В избу Митрий вполз сам – у нее не хватило сил внести его.
Отдышавшись, Марфа зажгла лучину. Митрий, привалясь к косяку дверей, все еще сидел на полу у порога.
– Что, так и будешь сидеть? Без няньки не можешь?
– Отощал я, Павловна. Дай прийти в себя.
– А здесь, думаешь, рай? Скоро болота не будет – весь мох приели.
Сапожонки у Митрия, разбитые, перевязанные светлой проволокой, оттаяли, подтекли лужами. Тяжелое зловоние распространилось по избе.
– Замучила дизентерия, – виновато сказал Митрий. И не от жалости к мужу, нет, а по вековечной привычке к чистоплотности Марфа затопила печь, согрела воды в чугунах, обмыла мужа в корыте.
Оказавшись в теплой постели, в чистом белье, Митрий расплакался, как малый ребенок:
– Ну вот, теперь и помирать можно. Думал, не дойду. Иной раз репку съешь, иной день так. Где пустят ночевать, где в сарае приткнешься. Вошь, понос – людей стыдно…
Скоро Митрий забылся, а Марфа, нагрев еще воды, принялась за стирку. Ее тошнило от вони, от вшей, которые серым слоем всплывали на воде в корыте, и она думала об одном: не приведи бог, чтобы кто-нибудь зашел в избу.
Выстиранное белье она развесила на печи, ватник и ватные штаны оставила мокнуть до утра в щелоке, подтерла вехтем пол. Оставалось еще разобрать котомку.
Она села на пол – ноги больше не держали, – развязала мешок с лямками. И все, что было в нем, вывалила на пол. Тут было грязное, протертое до дыр вафельное полотенце, жестяной котелок – большая консервная банка с проволочной дужкой, пара старых рукавиц, шило с нитками, обмылок серого мыла, бутылка с керосином, обернутая в тряпку, и еще был грязный, растрепанный кочан капусты, зачем-то обвязанный шпагатиной.
Если бы не эта шпагатина, она бы просто выбросила кочан – коровы нету, кто будет жрать такой кочан? Но шпагатина пригодится, и она, положив кочан на колени, стала распутывать узлы, в душе своей последними словами понося мужа: дурак безмозглый! Совсем из ума выжил. Где это видано, чтобы веревку на кочан наматывали?

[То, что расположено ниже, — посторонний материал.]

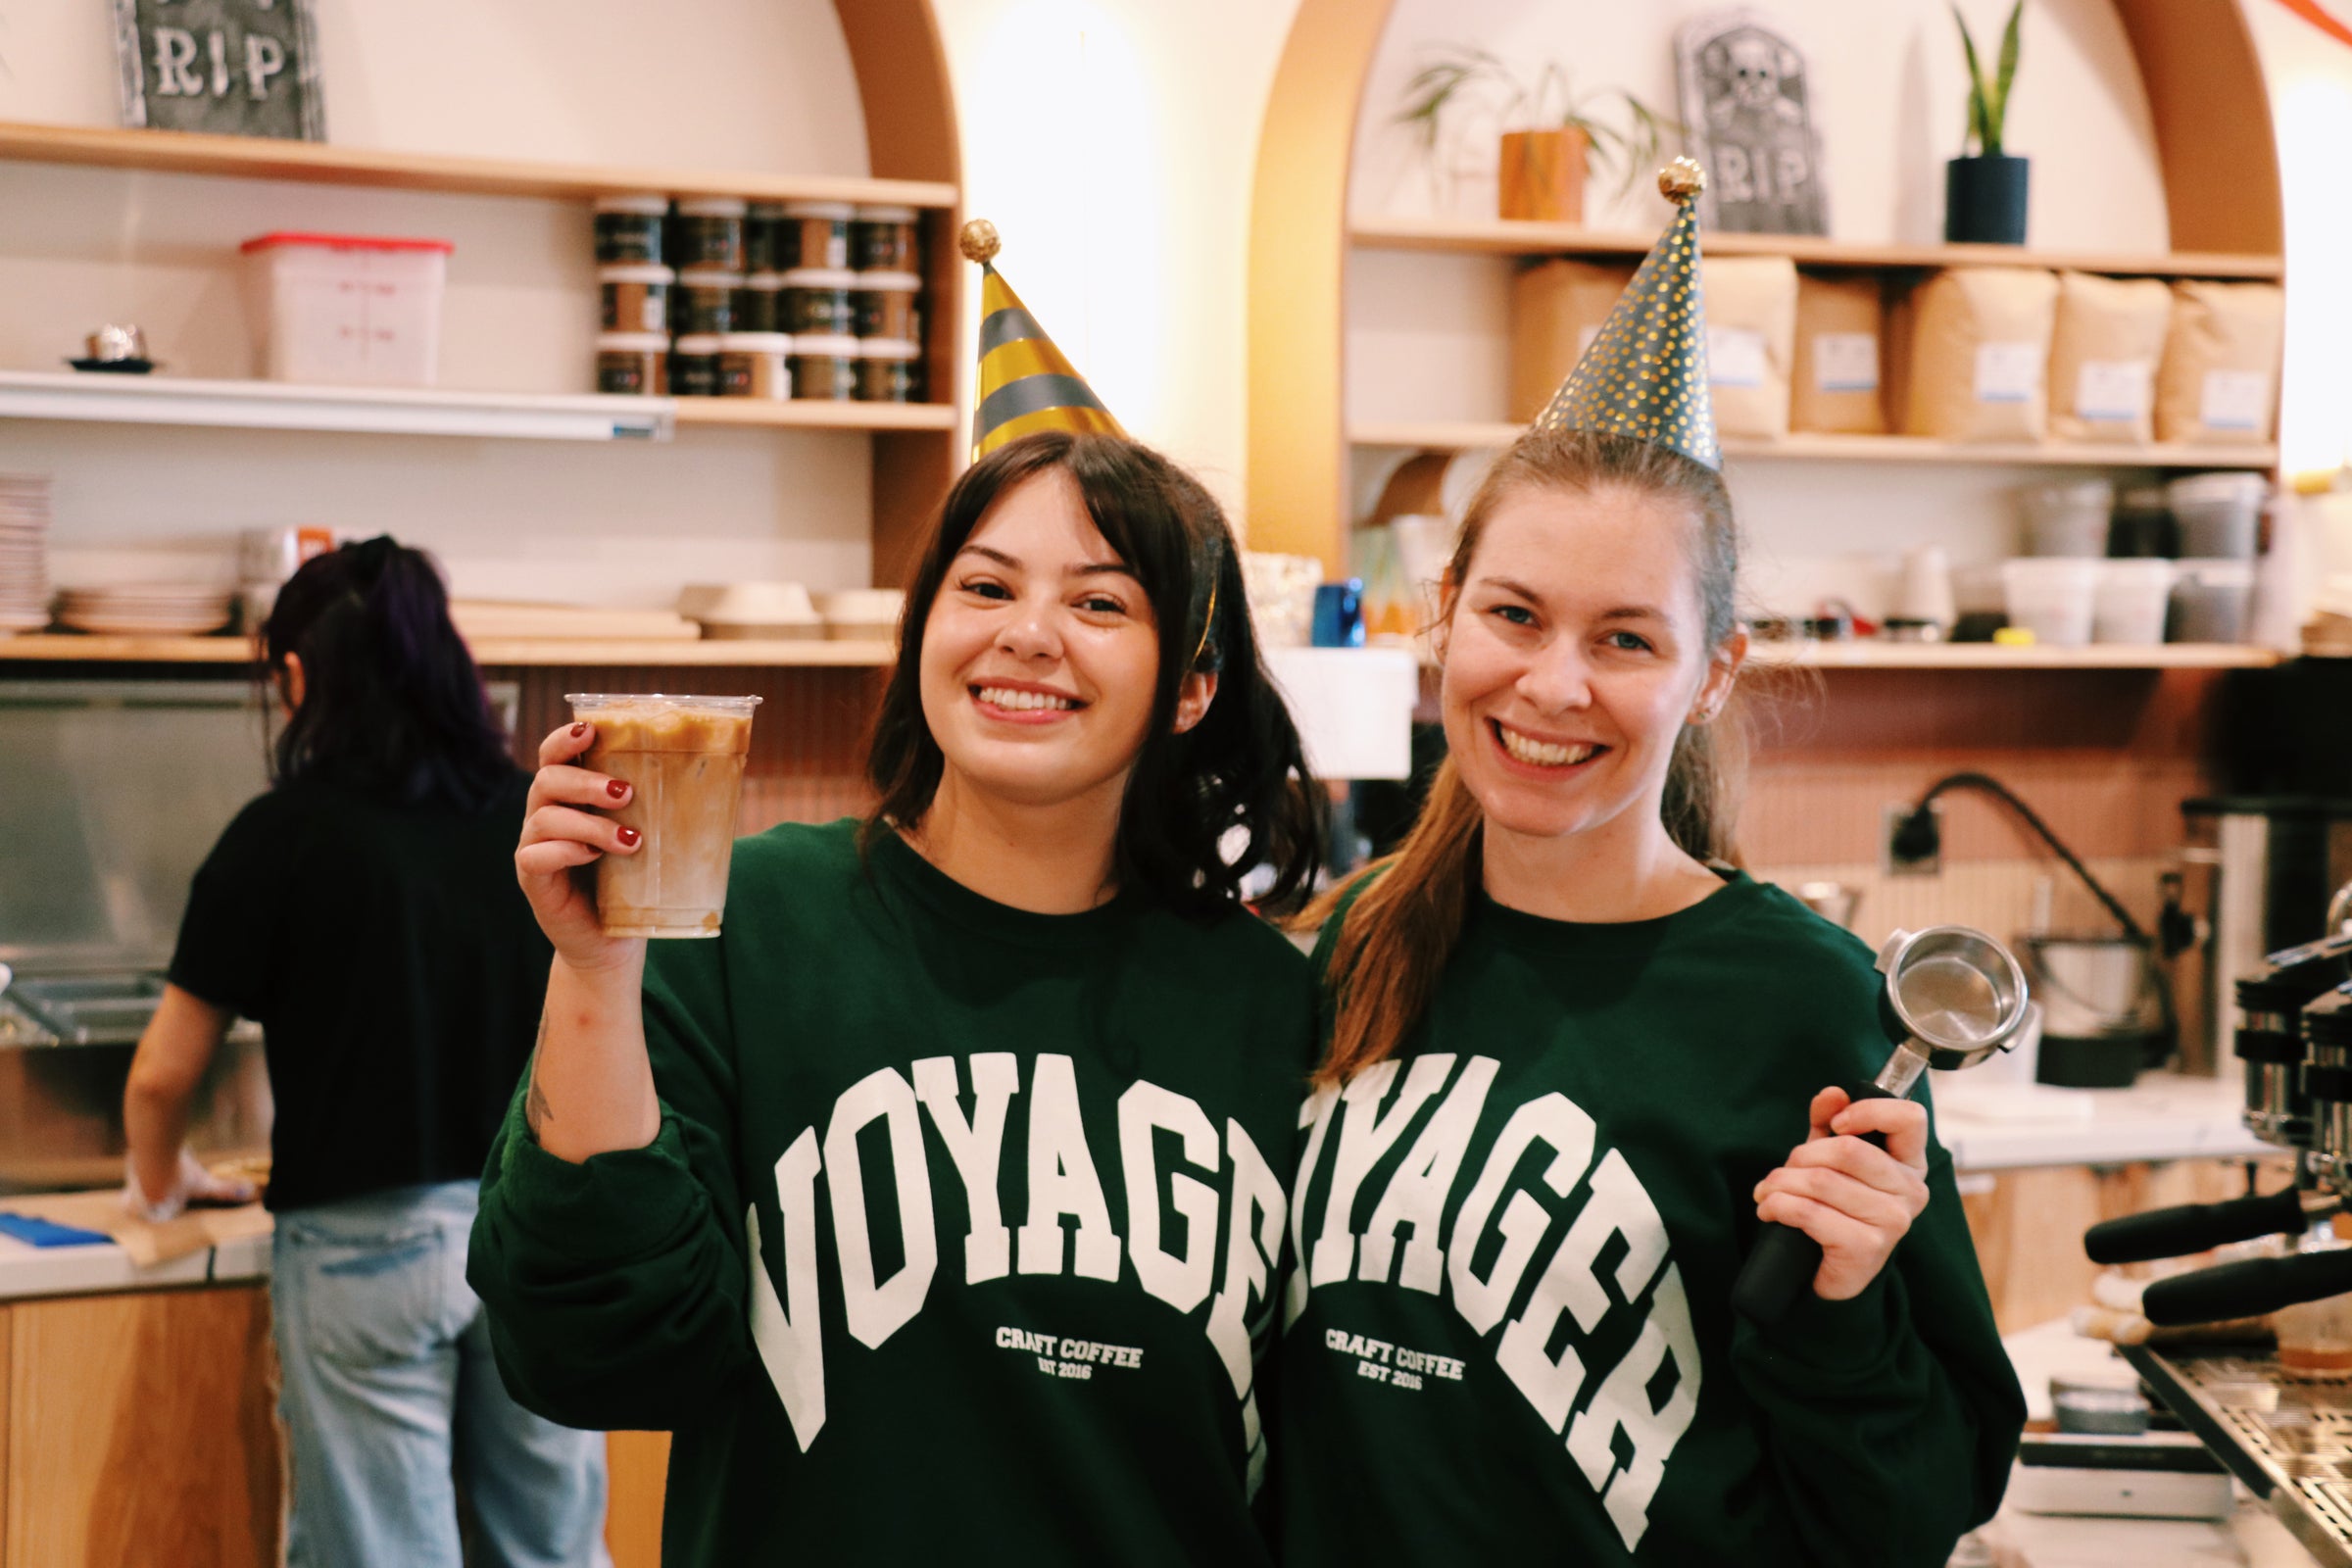 Voyager Craft Coffee: The Original - Studio BANAA

Она распутывала, распутывала шпагатину – ногтями, зубами разгрызала узлы, наконец распутала. Не кочан – сверток. Сперва старой газетой обернут, затем платом, старинным аглицким платом, который она носила еще в девках. Плат этот Марфа искала всю войну. Перерыла все коробья, корзины, лукошки, думала: потеряла или кто украл. А он, оказывается, вот где всю войну пролежал – в грязной паршивой котомке. И тут Марфа едва не задохнулась от гнева. На кой черт ему было уносить этот плат из дому? Ведь она так обносилась – голову в страду нечем прикрыть.
Зашипел сбоку в корытце с водой огарок. Марфа, не вставая, переменила лучину в светце, развязала плат и просто обмерла: сладости… Розовые подушечки, слипшиеся, вывалянные в чаю, в сахарном песку, леденцы – красные, желтые, зеленые, сахар маленькими кусочками, чай в газетном кулечке и еще вдобавок к этому две белые сушки – давнишние, закатанные, крепкие, как камень.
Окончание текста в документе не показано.